The command entrusted with providing security to the surveyors was led by Colonel David S. Stanley, a veteran officer of the Union Army whose reputation for discipline and organization was well known. Stanley’s force in 1873 was considerable, comprising eighteen companies of infantry, a train of 275 wagons bearing supplies and equipment, three artillery pieces, and ten companies of the Seventh Cavalry under the command of Lieutenant Colonel George Armstrong Custer. This assemblage was no mere escort but a mobile army, a rolling fortification, whose presence was meant both to protect and to intimidate.

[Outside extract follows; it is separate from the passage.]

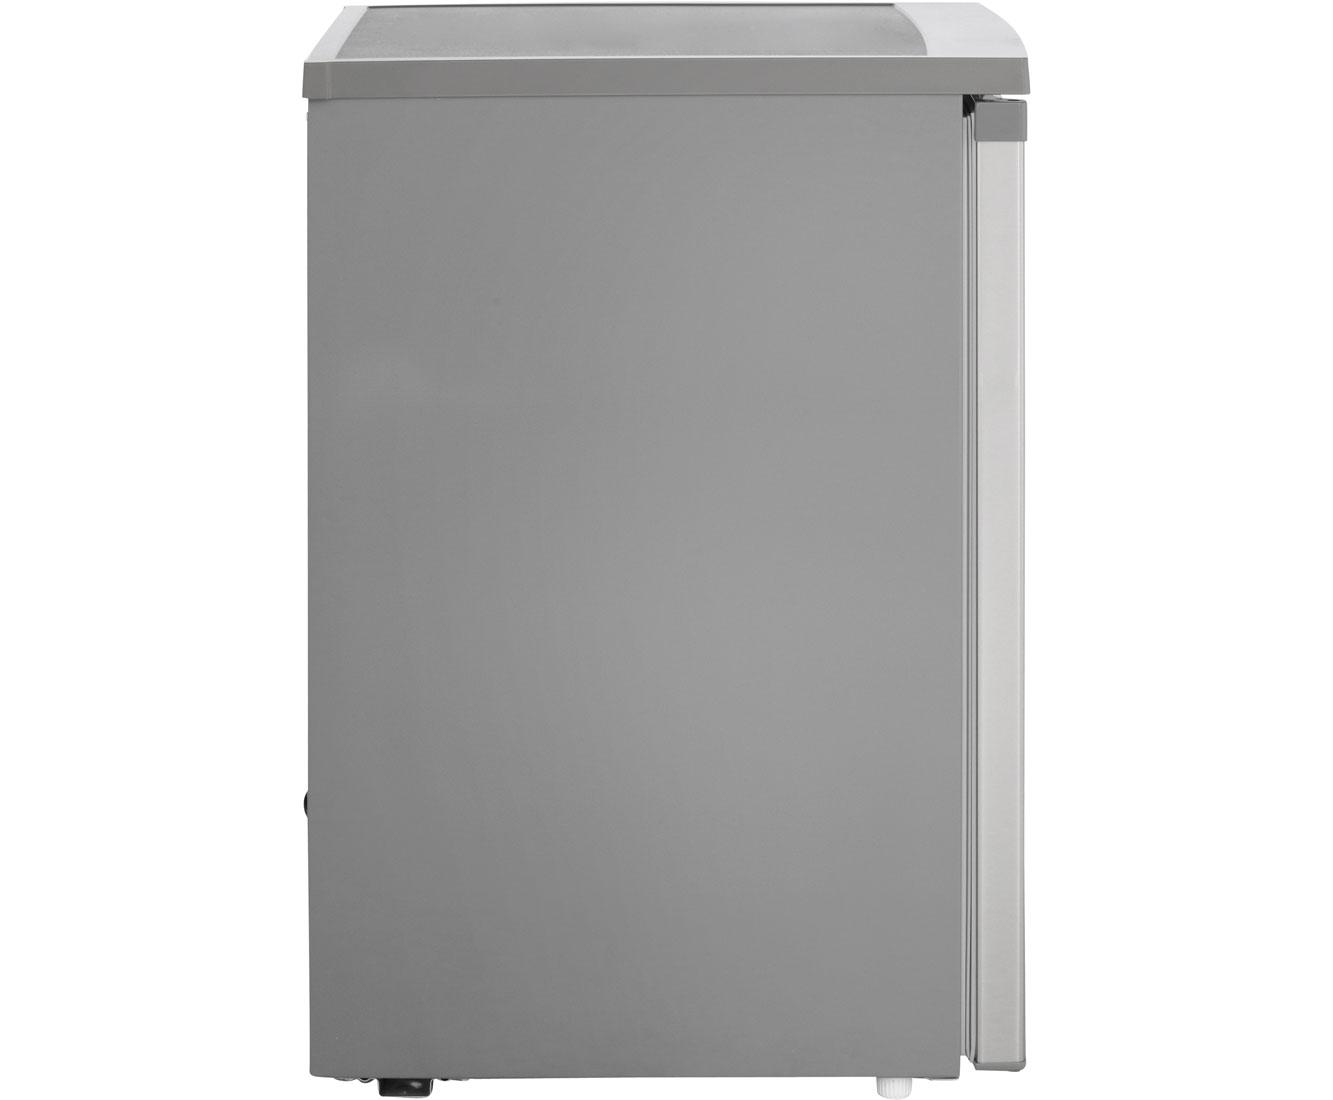 Bomann Kühlschrank Mit Gefrierfach Ks 2194 : Bomann vs kühlschrank weiß a

The route taken by Stanley’s expedition has left a durable imprint upon the landscape; the roads that now traverse the north side of the Yellowstone River often follow the very path blazed by his troops during that summer. The survey itself was of great strategic importance, as the Northern Pacific sought to chart a route that would link the burgeoning settlements of the Pacific Northwest with the rail networks of the eastern states, thus knitting together the far-flung regions of the continent.
Yet the expedition was marked by tensions not only with the native inhabitants but also within the command. Lieutenant Colonel Custer, a figure both celebrated and contentious, presented a challenge to Stanley’s authority. Known for his impetuousness and ambition, Custer’s temperament clashed with the more measured discipline of Stanley. A mere fortnight into the march, these tensions erupted into an open confrontation. Stanley, anticipating difficulty with Custer, responded with disciplinary measures, ordering the cavalryman to the rear of the column. However, Stanley’s own command was compromised by bouts of intemperance. Custer, noted for his abstention from alcohol, leveraged Stanley’s weaknesses to undermine his authority. According to accounts, officers recognized that Stanley’s episodes of binge drinking contributed to the discord and took the extraordinary measure of disposing of the expedition’s liquor supply to restore order. Within a day, Stanley rescinded his sanction against Custer, and the march proceeded without further incident.
The presence of the Lakota, who maintained control over the unceded territory to the south, cast a constant shadow over the expedition. During the summer, there were two skirmishes between the military column and Lakota warriors. Though these encounters were minor and inflicted no decisive harm, their tactical nature left an indelible impression upon the officers. The Lakota employed hit-and-run tactics, engaging in swift assaults before melting away into the plains. This led Custer and many of his fellow officers to conclude that the Sioux would not stand in prolonged combat but would scatter upon the display of sufficient military force.
This assumption proved tragically flawed. The belief that the Lakota were prone to retreat under pressure influenced the strategic decisions of the officers in the years that followed. It would be, in part, this miscalculation that culminated in the disastrous Battle of the Little Bighorn in 1876, where Custer and his men suffered a calamitous defeat. The encounters during the 1873 survey thus served as a prelude to that larger conflict, a glimpse into the underestimation of a determined and capable adversary.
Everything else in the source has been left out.